Flatten the grass

Published: November 07, 2011

BzzzzzzBzzzzzplop . . . . . . BzzzzzBzzzzzplop  EEEEEEEELike many other people I’ve been listening to Ceremonials, the new disc by Florence + the Machine. Of course, it reminds me of a great pipe band. Florence Welch’s powerful, instant-on voice makes me think of a pipe chanter, except one with a three-octave range, multi-layered, with complex harmonies and counter-melodies textured in.

I just read that her new album has hit the number-one spot in the UK charts, so there must be a market for BIG music that carries certain sameness, and which is highly infused with Celtic style, crazy outfits and wispy heather visions of the moors. She also often uses lots of lower-toned drums, often in rhythmical, chant-like ways, which fits with the current sound of many bands.

Bill Livingstone once talked about listening to the 1980s vintage Strathclyde Police when they were “in full sail,” conjuring an image of a clipper meeting the waters head-on with wind. The pipe band-sailing ship analogy is even more apt today with much larger bands developing huge visual and sonic power.

I could see Florence + the Machine doing something with a pipe band, just as I could hear a pipe band covering one or two of her songs in a concert. Our music is often criticized by outsiders for always sounding the same with unwavering loudness and a dearth of dynamics. But there is no denying that a pipe band at its best produces impressive and beautiful energy that, as George Campbell would say, “flattens the grass.”

I’ve also read some criticism of Ceremonials, contending that the songs remain the same from track-to-track. But Florence Welch clearly works within a formula that rings true with many people. Sometime, pipe bands try too hard to be something they are not and can never be. Instead of working with what they have, they strive to overlay pipes and drums with other stuff, seemingly never content with, It is what it is.

I’m not saying for a second that there is anything wrong with that. I’m a vocal proponent of pushing the boundaries. But some artists are able to hit upon a formula without ever becoming formulaic. They recognize what they’ve been given, their limitations, and get on with making the most of them.

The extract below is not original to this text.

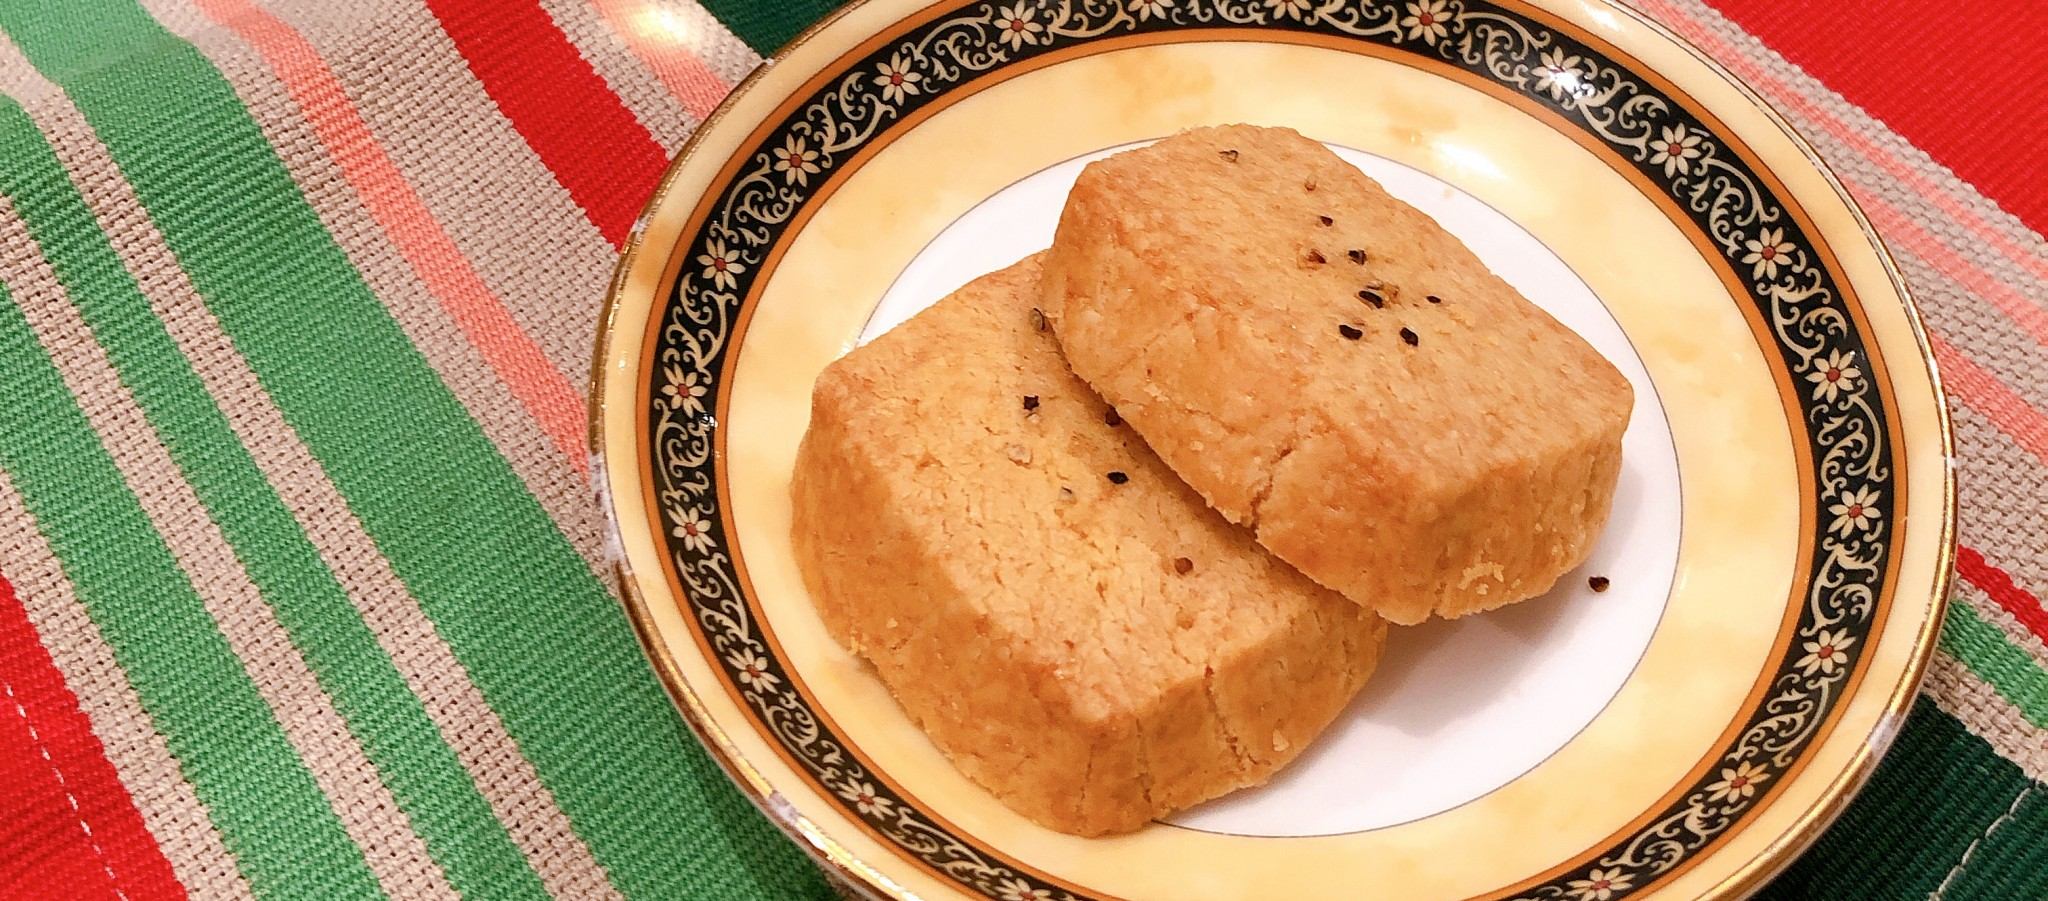 長野にあるチーズ店〈アトリエ・ド・フロマージュ〉の「チーズクッキー」~眞鍋かをりの『即決!2000円で美味しいお取り寄せ』第50回~

3 thoughts on “Flatten the grass

  1. I’m all for the ‘wall of sound’ in rock bands. One of my favourites, TOOL, would have to be one of the biggest 4-piece sounds of all-time. An Aussie band, The Jezebels (check them out!), also go for the epic atmosphere in their music. I think pipe bands can borrow from this to a point, however what seems to be getting pushed down the list just a little is melody. There were a number of medleys at last year’s worlds that left me completely cold and unable to recall a single bar of melody just minutes afterwards, and I’ve been playing in Gr1 for 20+ years. What must the uninitiated think of that same material, I wonder…? The most groundbreaking thing pipe bands have achieved in the past 20 years is accuracy of sound, specifically unison tuning of the pipes. Compare the bottom rung sound of a Gr1 pipe band of 20 years ago to the bottom rung now. And then you have the elite bands that produce amazing sounds, which further enhances the technical aspects. Where we are kidding ourselves (I believe) is in the music. Nothing we’re doing now is any more radical than what Guelph, Dysart et al did 30+ years ago. We are re-inventing the wheel with a harmony onslaught and a ‘Reelpipe’ overdose. The more accurate tuning has tempted many bands to write-in more harmony, and more lines of harmony. I’m not sure this is as necessary as some might think. We’re still working with the same 9 notes that bands did 40 years ago. The Strathclyde Police Medleys of 20-30 years ago are seen as ‘meat and drink’, however they were all brimming with unforgettable melodies. Line them up and listen to them all from the 80’s to early 90’s. The simplicity of their structure made it easy to sound fresh and new each time because the melody was always to the fore, with harmonies being used where appropriate (after the melody/tune structure has been established). Think about a well-tuned pipe band with all the harmonics pouring out when we play something as simple as a retreat. That’s pretty impressive in its own right. We sometimes lose sight of this and overdo it, in my opinion.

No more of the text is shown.